TTIP, ISDS and the contract mismatch

c: | f: /

The proposed trade deals between the US and Europe are shady at best. Shrouded in secrecy until recently, I couldn’t figure why aspects of it were necessary. Until now.

With a typical BuzzFeed-esque slant towards the sensational, their article on the LCIA arbitration service has finally allowed me to clear the murky waters surrounding the TTIP and ISDS. But it’s not the article itself, but one of the commenters who made me see how everything fits together.

Before I divulge the quote, some brief background on the source of my confusion. TTIP in and of itself is a noble notion. Reducing trade barriers means potentially lower costs which benefit consumers and attract foreign businesses to invest in the country. I don’t agree with the cutting of red tape to the extent that slapdash food safety standards or unlabelled GM crops are permitted, but some parts do make sense.

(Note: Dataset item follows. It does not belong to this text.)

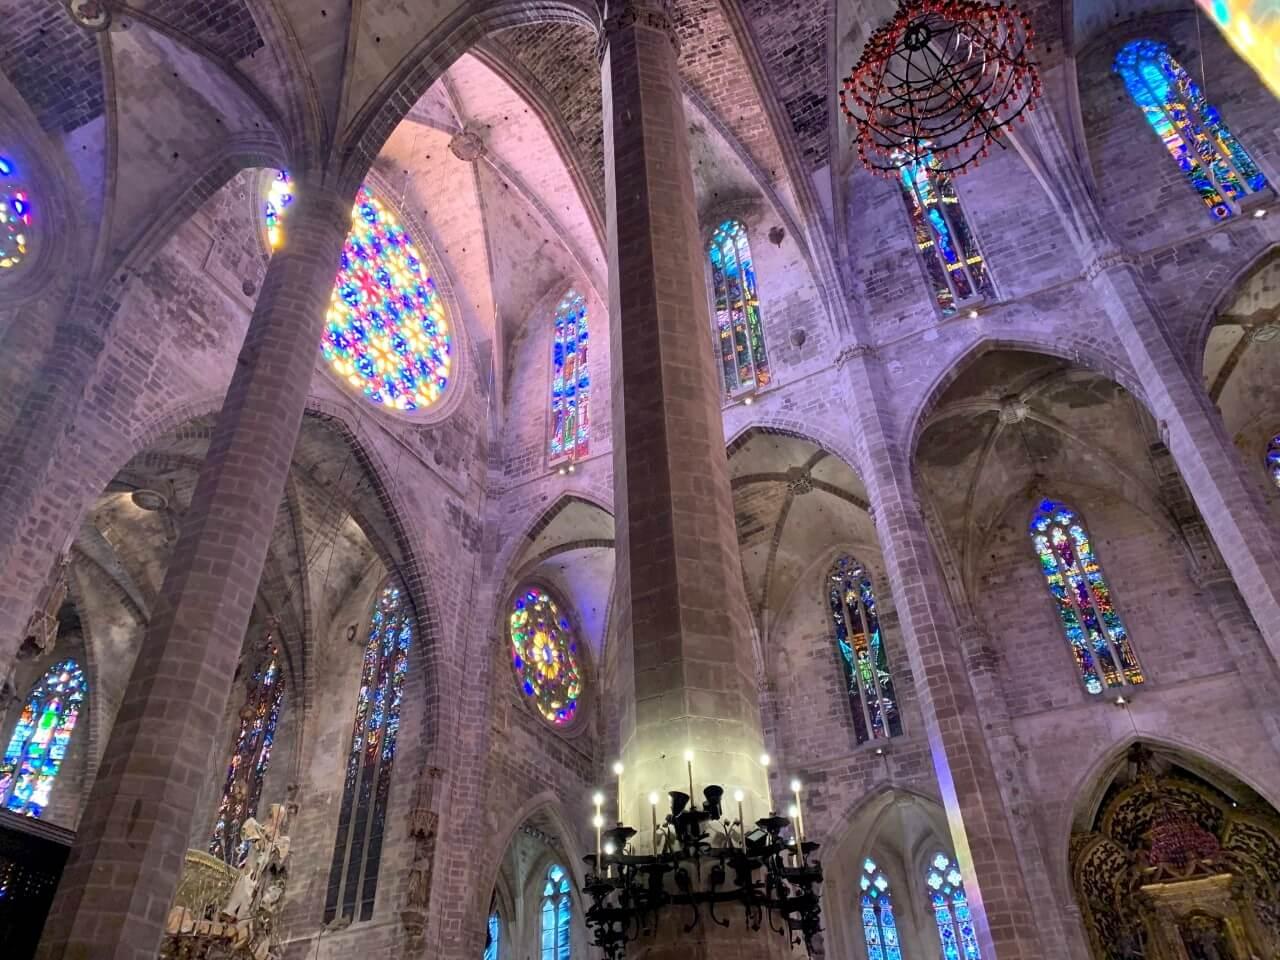 Interior Catedral de Palma

The trouble is, now that the lid has finally been lifted on the secrecy behind it all, proponents are using words similar to how the EEC was marketed to us in the 1970s: free trade between nations, borderless controls, greater employment opportunities, yahde yahde. And now look at the EU as we have it: one failing currency, bailouts, countries going bankrupt, ridiculous anti-business laws, restrictive borders, blah blah. The EU mess was born out of a noble gesture, but corporate greed and power subverted the process. Thatcher was duped too, signed away our country’s rights, and realised (too late) that a single currency was merely a way to introduce a federal Europe through the back door.

The part I couldn’t fathom is why a government would willingly enter into an agreement such that a private company could sue the state for millions over policy decisions. It seemed ludicrous to me that it would enter into an agreement arbitrated by a secret court staffed by lawyers who had a vested interest in seeing the business win the case. It’d cost the taxpayer — the country — millions each time it was sued. Surely that would fly in the face of the charter they’re supposed to uphold to represent us, the people?

Then, in the midst of the usual accusations of trolling and name-calling, Chris Worth summed the entire debacle up in three paragraphs and made me see how it all fits together:

A good article on the “scary secret courts” bit that’s worrying everyone about the TTIP. It’s not as scary as it sounds – arbitration services, after all, are routinely used between contracting parties. What the article misses, though, is the real reason our government uses them – to keep mistakes out of public view. And in large IT projects, there are many, many mistakes to hide.

I’ve seen the skills mismatch between civil servants and technical partners on large public sector projects – not in intelligence, but relevant experience. How can an Oxbridge Classicist or PEP grad approve the technical specs of a £1bn IT system? This problem is global – essentially no major IT project led by civil servants has ever delivered value; billions are lost in mission creep and mismanaged expectations. A shark and a jaguar can’t breed no matter how much time you spend justifying the need for it.

Secret courts let both parties keep their mistakes hidden. And that’s the real scary part.

There it is in black and white, and I can’t believe I didn’t spot the link beforehand because it’s something I’ve mentioned a lot in conversations. Time and again, contracts are put up for tender by people who understand the need for a service but don’t understand the intricacies of implementing it. Companies bid for the work. They understand how to implement complex systems, but have only a limited notion behind the basic need for the service, because it’s been badly specified in the first place. Thus there’s always a mismatch between what is desired and what is delivered.

It’s the same in mundane software. Someone says they want to build self-service checkouts for supermarkets. They state what they want the devices to do, but they don’t understand software engineering or UI design. A software/hardware company goes away and builds the system to that (idealistic) spec as best they can. They need to change things to satisfy the framework du jour, make UI decisions, meet current legislation, and tweak the system to cater for inadequacies in the spec.

The result? Something that meets what the specification company thinks the user wants, and the design company delivered to much fanfare, but is a sack of crap. The end user is left with a system that isn’t fit for purpose.

By the time everyone realises they’ve made a mistake and the two sets of people’s visions didn’t actually align, it’s too late. Money’s changed hands and fights ensue over blame. Since in government contracts, this reveals an utter waste of public money, that’s when ISDS — a sort of corporate pre-nuptual agreement — would kick in to sort out the mess. In secret.

As Chris states, that’s the really scary part, and why we should campaign for transparency in such proceedings. Perhaps then, if decisions were publicly accountable, it would be possible to draft in project managers who know what the hell they’re doing, and private firms who can ask the right questions.